I have used the hoyt hunter or it may have been called the prohunter rest on older compounds. 
I liked the stick on rest when using feather fletching.


----------



## danlt (Mar 6, 2007)

After 30 years of using various flipper style rests and burger buttons I picked up a WB to try this spring and I have been surprising pleased with it. I liked the idea of a full capture rest for hunting and I can't belive how well it works. I can get bullet holes or close to it on paper, the groupings are as good as the flipper and the slick tricks hit with the field points.


----------



## Greg Bouras (Nov 17, 2006)

blakey said:


> I shoot Barebow Compound, and am having trouble with arrows staying on the rest in the wind. I use a NAP centerest flipper and it's brilliant on a calm day but not in a westerly, which unfortunately is our prevailing wind.

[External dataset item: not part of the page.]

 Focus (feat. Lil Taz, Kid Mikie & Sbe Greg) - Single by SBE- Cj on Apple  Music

Saw a thread the other day where Rick McKinney was saying that he shot some of his best scores using a stick-on Hoyt Superrest ($5). Now I know he was shooting recurve, but our club President, one of the top recurve shots in Oz, says there's no reason why they can't work on a fingershot compound. So I'm going to give it a go after the next QRE. Has anyone else tried this on a compound? It's gotto be the cheapest investment?


I shot the Hoyt and Cavalier ST-300 rest for years barebow compound. The Hoyt has no vertical movement while the Cav moves a bit. Both are fantastic arrow flight, durable rests. Keep some spare double stick tape handy. Any stick on rest is subject to failure during heavy rain.


----------



## Stephen B (Jul 13, 2006)

another vote for the NAP center rest flipper. Tried and true and simple, simple, simple. And super durable. It will just shoot as good as you can. If you want to get more accurate, then go with some sort of plunger and flipper style. If I wanted to put something more accurate on my bow, then I would put on the NAP center "Plunger Rest" that is new in the package in my archery box. But that one is no longer made and I would probably only use it if I was going to take up target archery. What is great about the NAP flipper is if the rest were to fall off and mess up, then I can pull the spare back-up head out of my pack and change it out in about a minute.

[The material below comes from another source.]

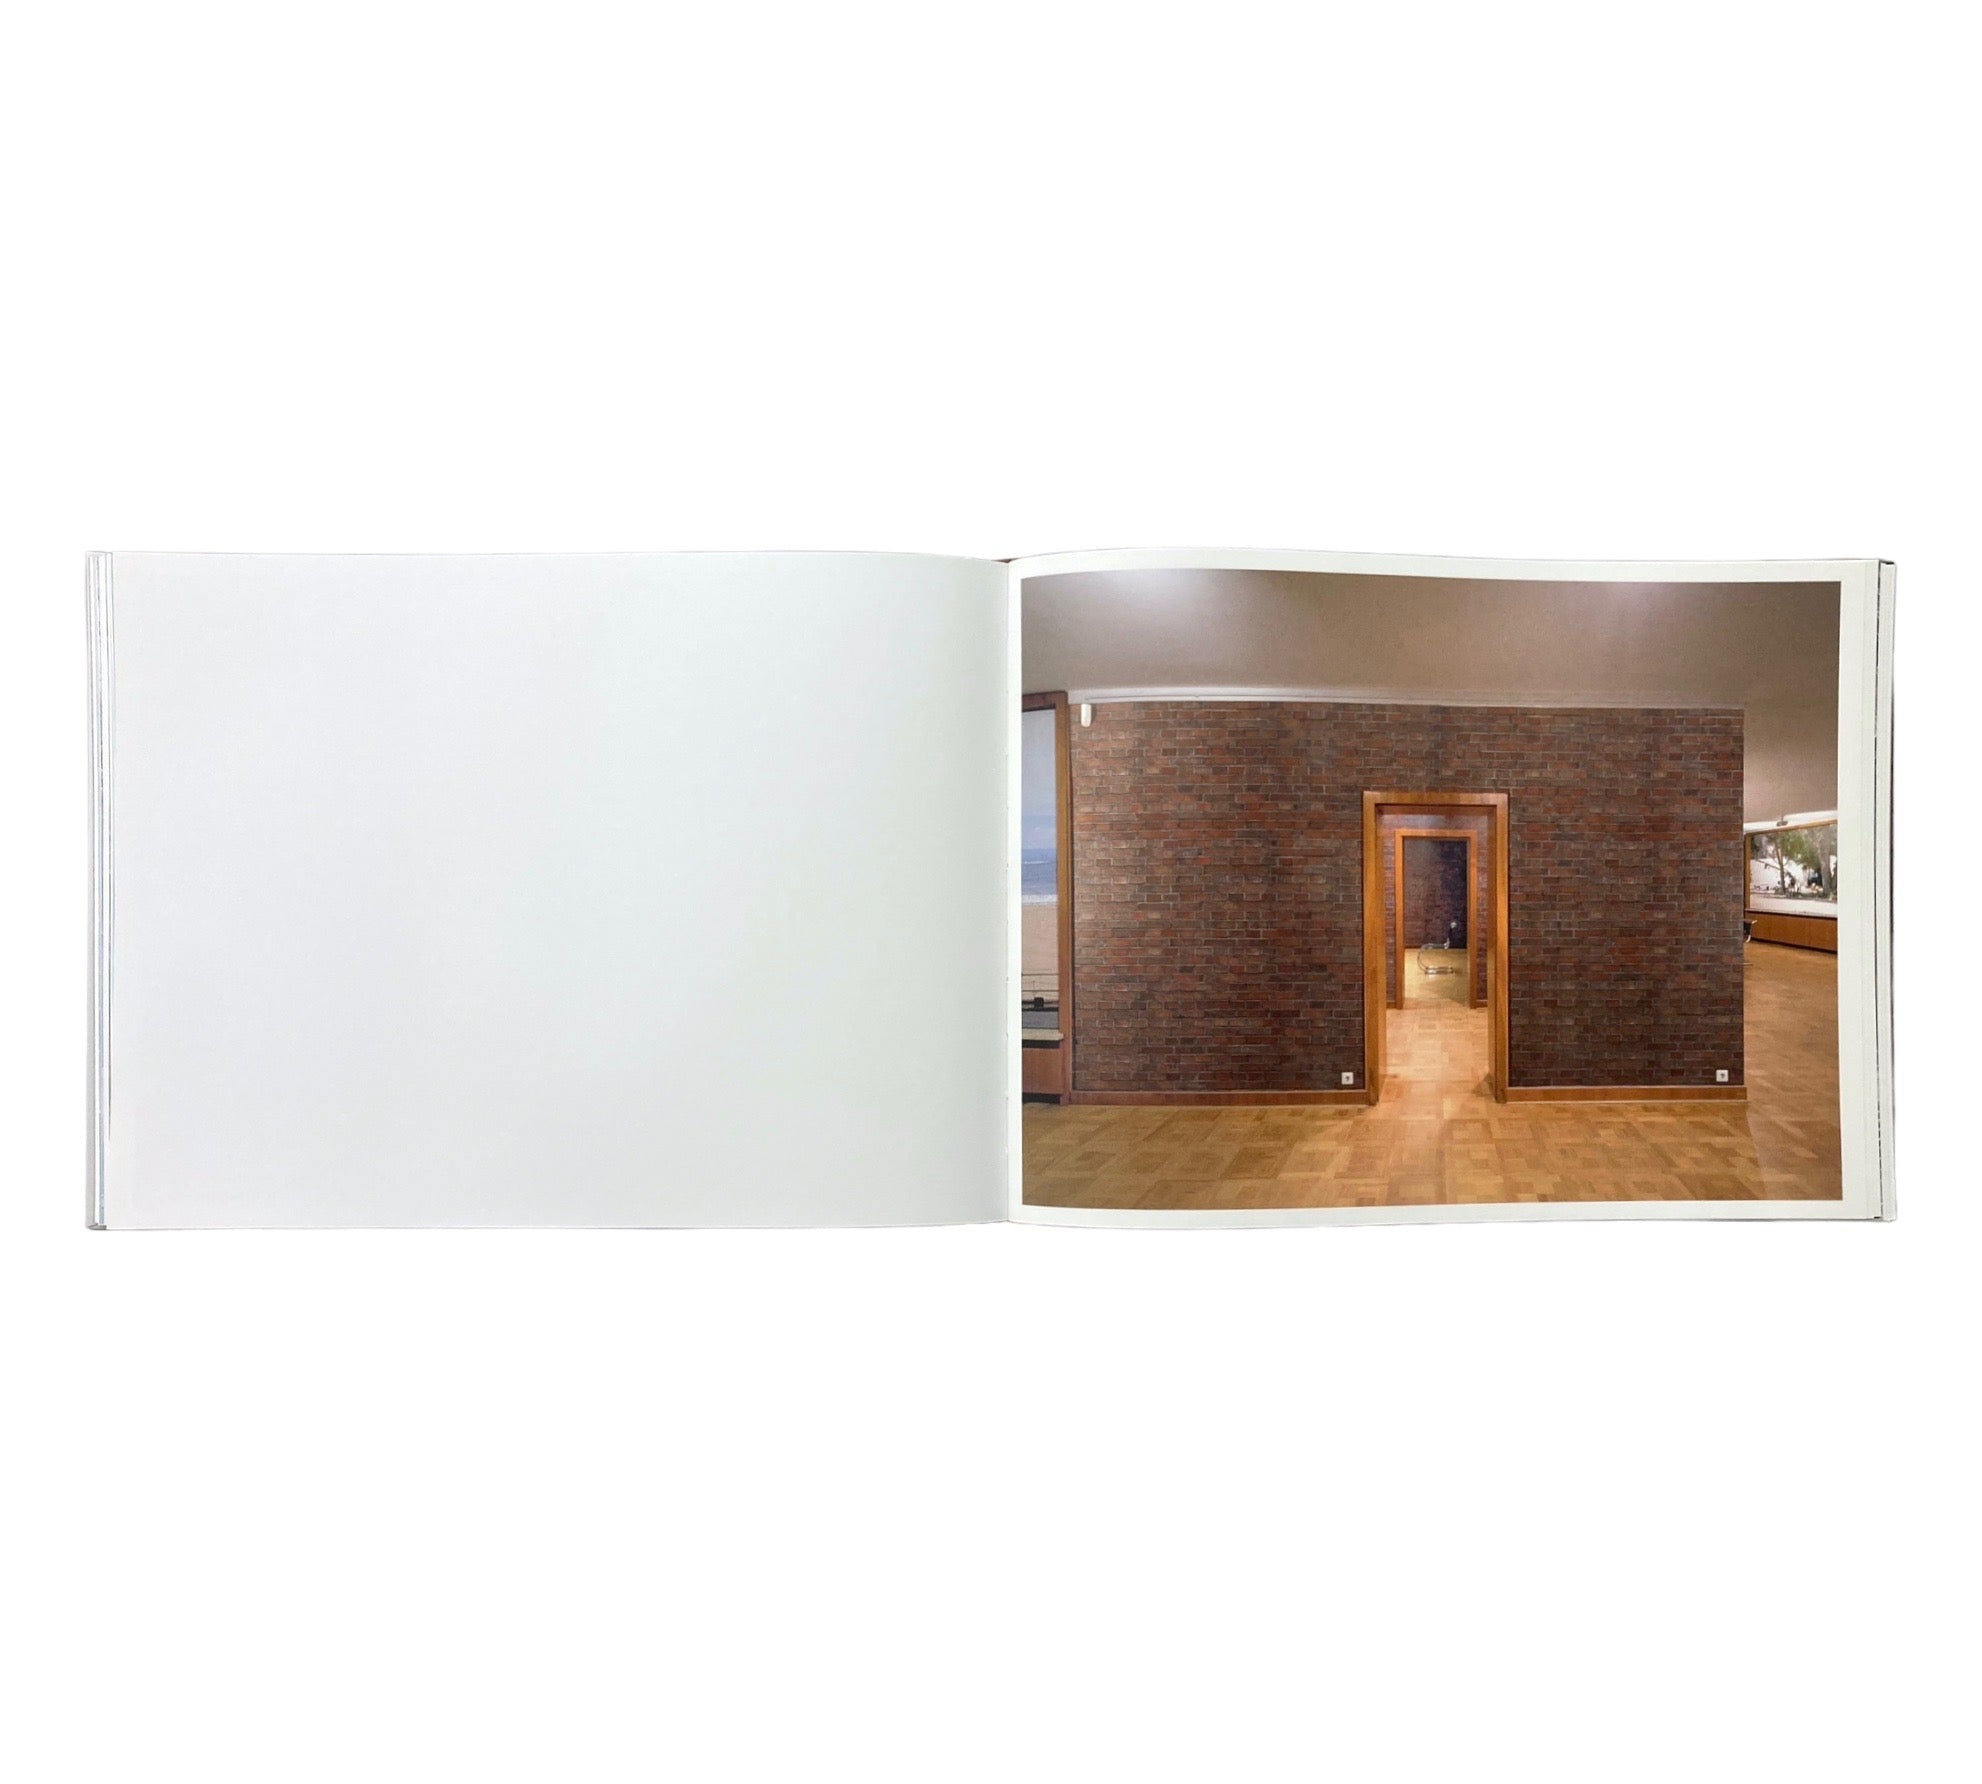 John Baldessari: Brick Bldg, Lg Windows W/xlent Views, Partially Furnished, Renowned Architect - (Non-mint)

I do not feel handicapped at all by the NAP center rest flipper, I have been shooting consistent about 5" groups (3 arrow) lately at 40 yards and about 7" at 50 yards with this set up. My 3 arrow group 20 and 30 yard shots are not taken at the the same spot any more, because I have busted too many arrows. I shoot those at individual spots. I am not trying to brag at all, just saying what kind of results you can get with the NAP flipper. They will shoot as good as you can. And that is with a hunting bow (mathews Drenlin LD with only a Sims 4.5 inch S-coil stab. 

If I was going to go to a full capture rest (and I have thought about it for obvious reasons for hunting ), then I would put a Whisker bisk. on. But since I do not have any trouble with my set up, I have not gone that route. I mostly am on the ground Elk hunting and for deer I also do a lot of ground hunting, but do do some treestand hunting. 

I have thought about putting one of my old arrow holder type things that wrap around the riser and hold the arrow till drawn, but have not done so. In a treestand, I have devised a simple rubber band trick to keep my arrow on the rest in a windy rainy situation.

Good luck with your search, we have lots of choices, I just pointed out what works for me. I shot a compound with fingers for 5 years (with an NAP flipper centerest), before shooting a Trad bow for the next 12 years. Last year when I went back to shooting a compound again, I did not hesitate to continue with fingers and again the NAP flipper, 'cause I knew they worked.


----------



## Madlaz (Jul 4, 2008)

try the brite site tuner rest with hunter target blade and Jeessie mount you will be surprized how good it works for fingers .


----------